Identification of the DNA-protein cross-linking sites in DNA-TFAM cross-links. (a) Representative DNA-peptide cross-links found in this study. The cross-linked amino acid residues are in blue. (b) The proposed reaction scheme for the observed mass shift of 118, 198, 447, and 527. (c) The proposed fragmentation pattern for nucleotide derivatives observed in mass spectra in (d). (d), (e), (f), and (g) are MS/MS spectra of the nucleic acid-peptide cross-links shown in (a). In the MS/MS spectra, b ions are in green, and y ions are in red. The DNA fragments are in yellow, and the ions with fragmentations in the DNA component are in violet.

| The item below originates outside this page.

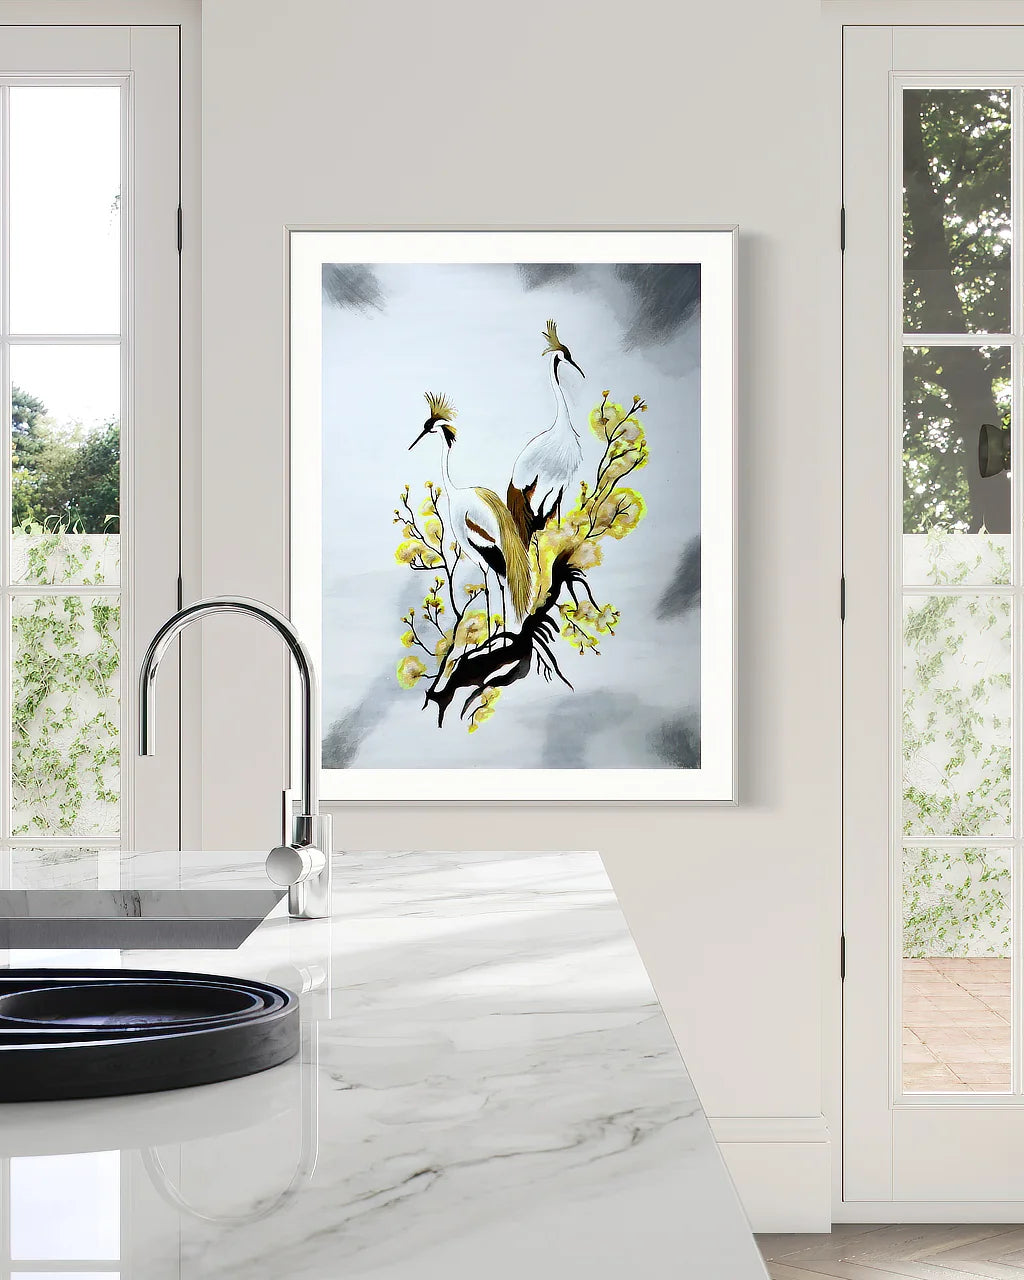 Cranes-not talking print by Sonia Malboeuf hanging in kitchen
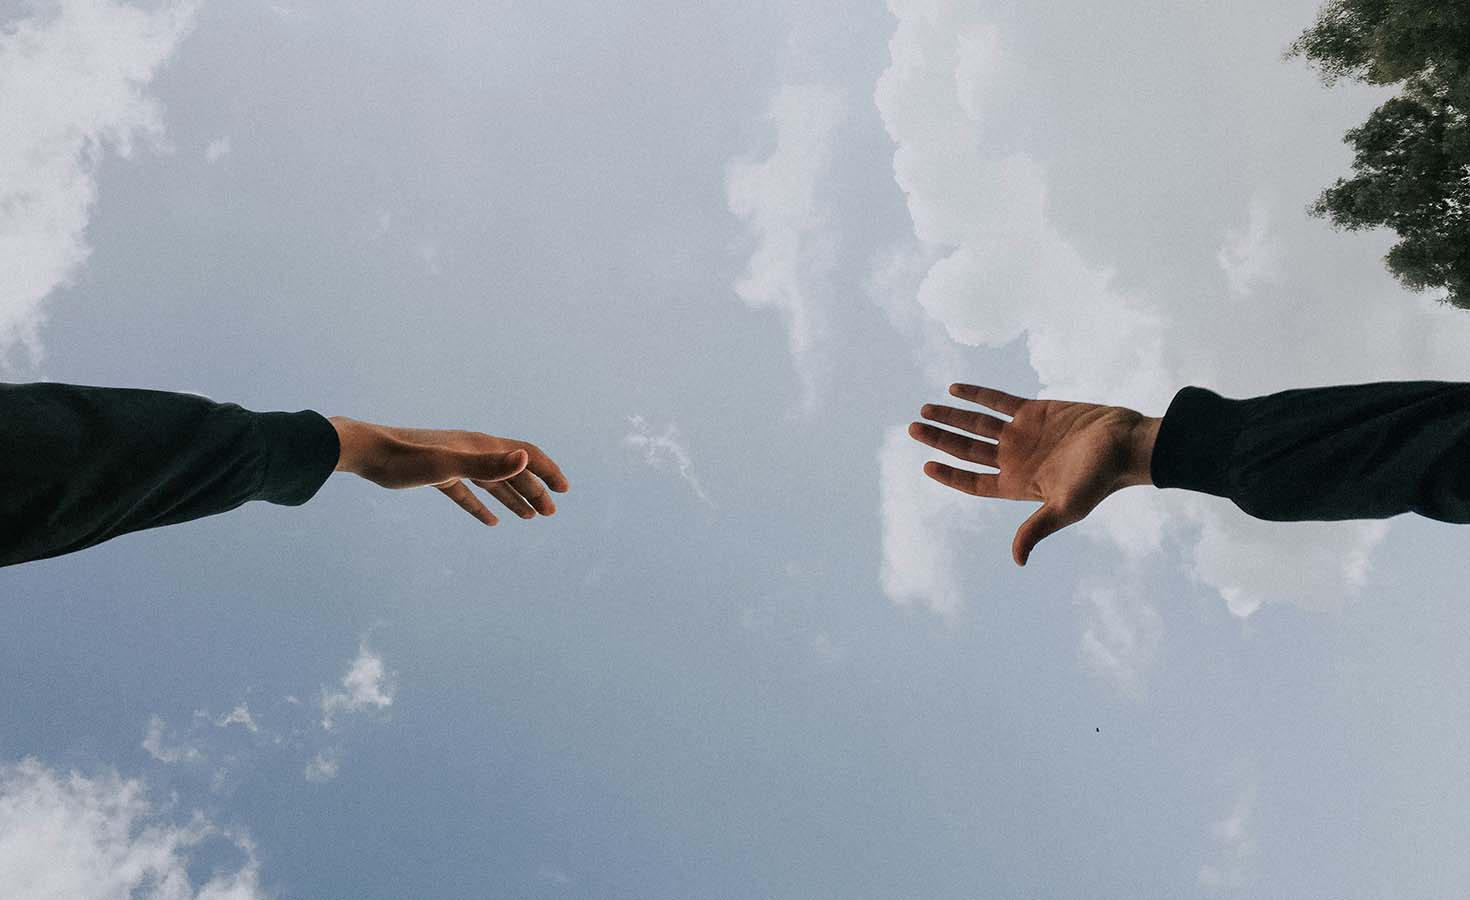 Two hands reaching towards each other

The predictable structures of the nucleic acid component facilitate database search and the assignment of the peptide sequence. The database search focuses on the tryptic peptides of TFAM cross-linked to the AP lesion in the nucleic acid moiety. Nearly all the nucleic acid-peptide cross-links have a mass accuracy within 3 ppm and MS/MS product ions matching to its theoretical ions (Table S3, Figures S5 and S6), ensuring unbiased DPC assignments.
Site and quantitative analysis of the cross-linking sites.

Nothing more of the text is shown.